● **To do**: In the records below, find the line with "Appartamento in vendita" and the line with "укол с гиалуроновой кислотой для суставов"; return exactly those lines and every line between them.

● **Data to use**:
★ ★ ★ ★ ★ ★ ★

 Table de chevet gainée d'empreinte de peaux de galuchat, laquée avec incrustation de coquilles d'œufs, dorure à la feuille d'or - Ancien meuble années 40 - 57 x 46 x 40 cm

★ ★ ★ ★ ★ ★ ★

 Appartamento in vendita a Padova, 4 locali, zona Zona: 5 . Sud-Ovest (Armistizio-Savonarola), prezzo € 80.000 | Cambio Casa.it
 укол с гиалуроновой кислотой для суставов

★ ★ ★ ★ ★ ★ ★

● **Answer to this task**:
 Appartamento in vendita a Padova, 4 locali, zona Zona: 5 . Sud-Ovest (Armistizio-Savonarola), prezzo € 80.000 | Cambio Casa.it
 укол с гиалуроновой кислотой для суставов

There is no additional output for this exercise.